Medak Fort is situated in Medak district in the Indian state of Telangana, about 100 kilometres from the state capital, Hyderabad. Medak fort was constructed by the Kakatiya Kings. The fort lies to the north of the city and can be reached by road. It is a citadel built on a hillock that provided as a vantage point for the Kakatiya rulers in medieval India.

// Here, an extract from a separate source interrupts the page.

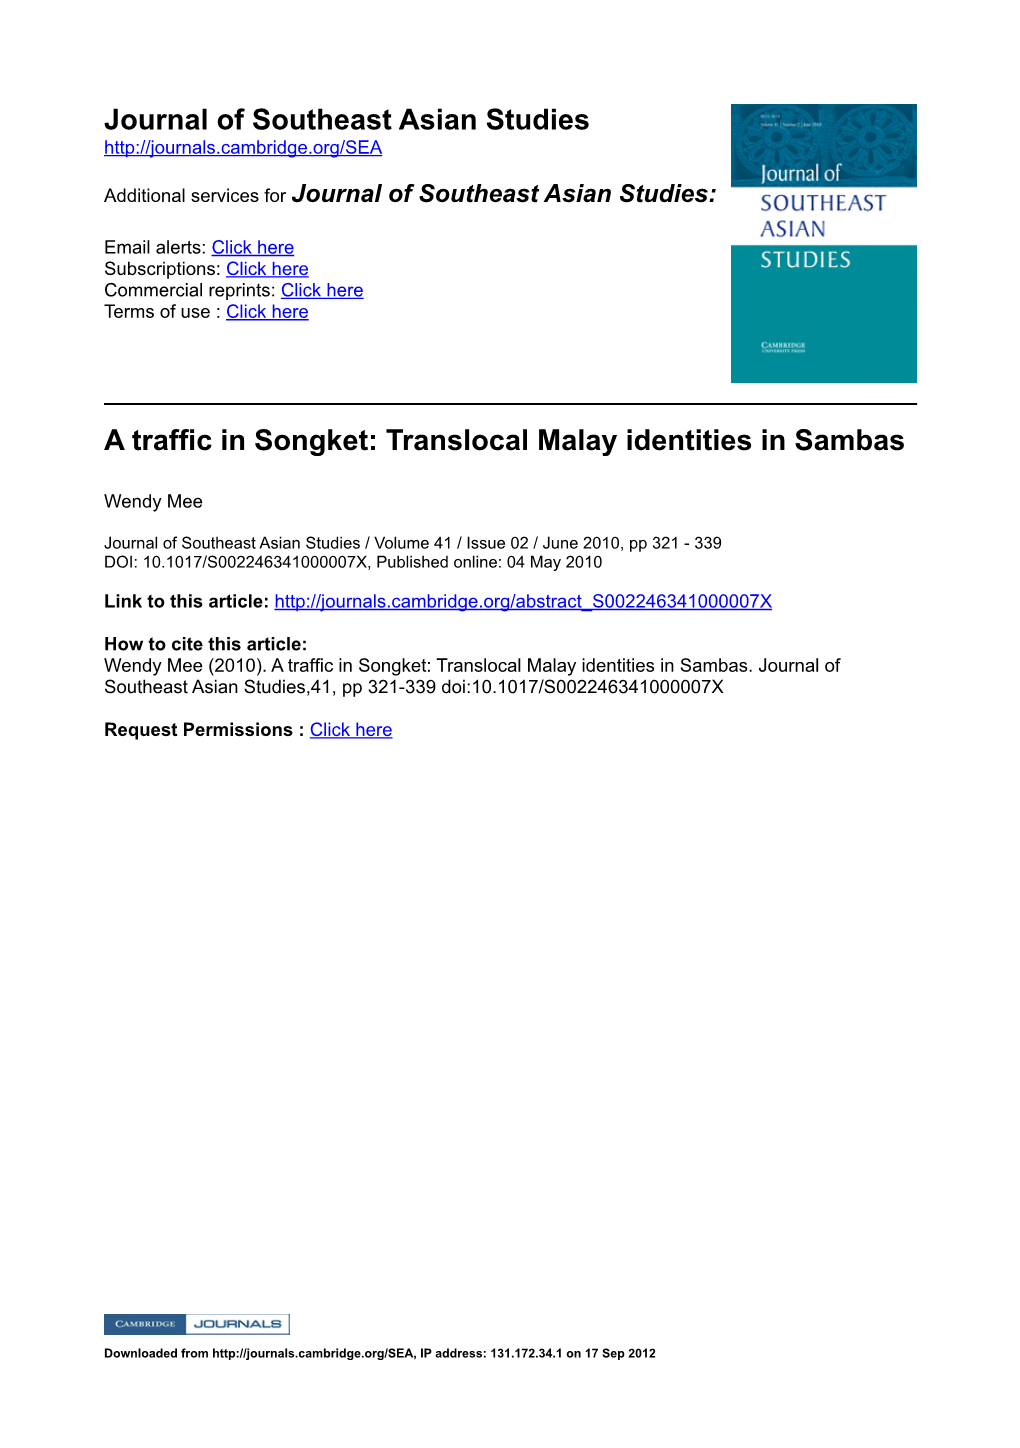 Journal of Southeast Asian Studies a Traffic in Songket: Translocal Malay
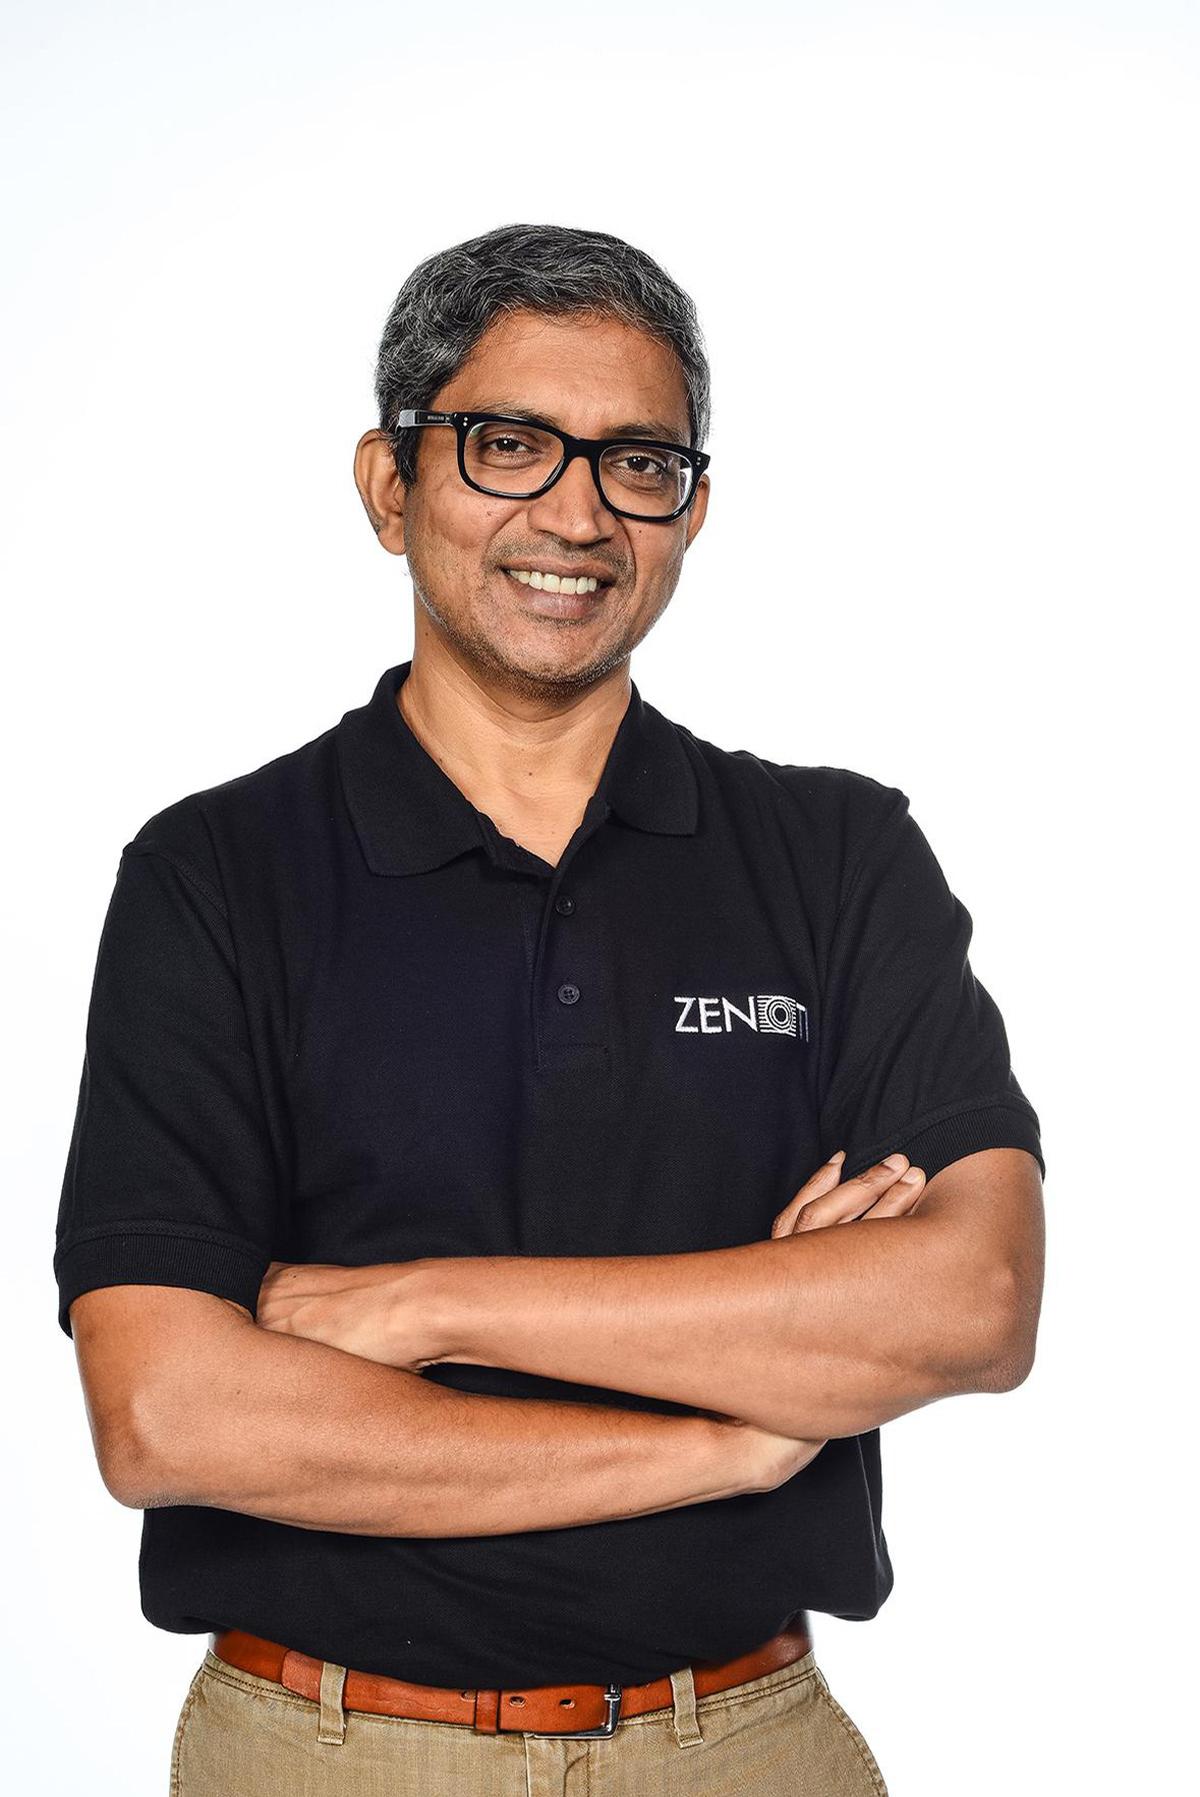 Sudheer Koneru, CEO and founder at Zenoti, says the addiitonal capital will enable the company to continue to expand through forthcoming mergers and acquisitions

The fort was built sometime around the 12th century and during the reign of the Kakatiya ruler, Rudra Deva and was called Methuku durgam, meaning cooked rice in Telugu. It was later ruled by another South Indian kingdom kings the Musunuri Kings. It was a command post of the Kakatians and later for Musunuri Kings and Qutb Shahis. It has three main entrances, the "Prathama Dwaram", the "Simha Dwaram" and the "Gaja Dwaram".

== History ==
Medak Fort, originally known as Methuku Durgam, was founded in the 12th century by the Kakatiya ruler Prataparudra on a prominent granite hillock to oversee trade routes and local administration. After the decline of the Kakatiyas, the fort passed to the Musunuri Nayakas in the 14th century and was later captured and enhanced by the Qutb Shahi dynasty in the 17th century, who added granaries and a mosque within its precincts. Under the Nizams, portions of the ramparts and bastions were reinforced, but after independence the structure fell into partial ruin before being declared a protected monument by the Archaeological Survey of India in 1953. Within the fort is a 17th-century Mosque built by the Qutub Shahis, granaries and remains of grand houses.

== Architecture ==
The fort spans over 100 acres atop a rocky hill rising to 90 m above the surrounding plains, accessed by a 500‑step stone stairway carved into the hillside. Its three principal gateways Prathama Dwaram, Simha Dwaram (adorned with lion motifs), and Gaja Dwaram (with elephant sculptures) exemplify a synthesis of Kakatiya craftsmanship and Qutb Shahi iconography, while a carved Gandabherunda (double‑headed eagle) motif crowns the main entrance lintel. Inside the ramparts lie a 3.2 m Dutch‑made cannon, vaulted granaries, soldiers’ barracks, and rock‑cut bastions that exploit the hill’s natural escarpments for defense, providing commanding views over the surrounding countryside. At the fort one can see a 17th-century cannon that is 3.2 metres long. The cannon has a trident etched on it. This fortress uses the natural topography to the maximum advantage with the rocky face offering it natural defences. The water to the fort was provided via a pipeline.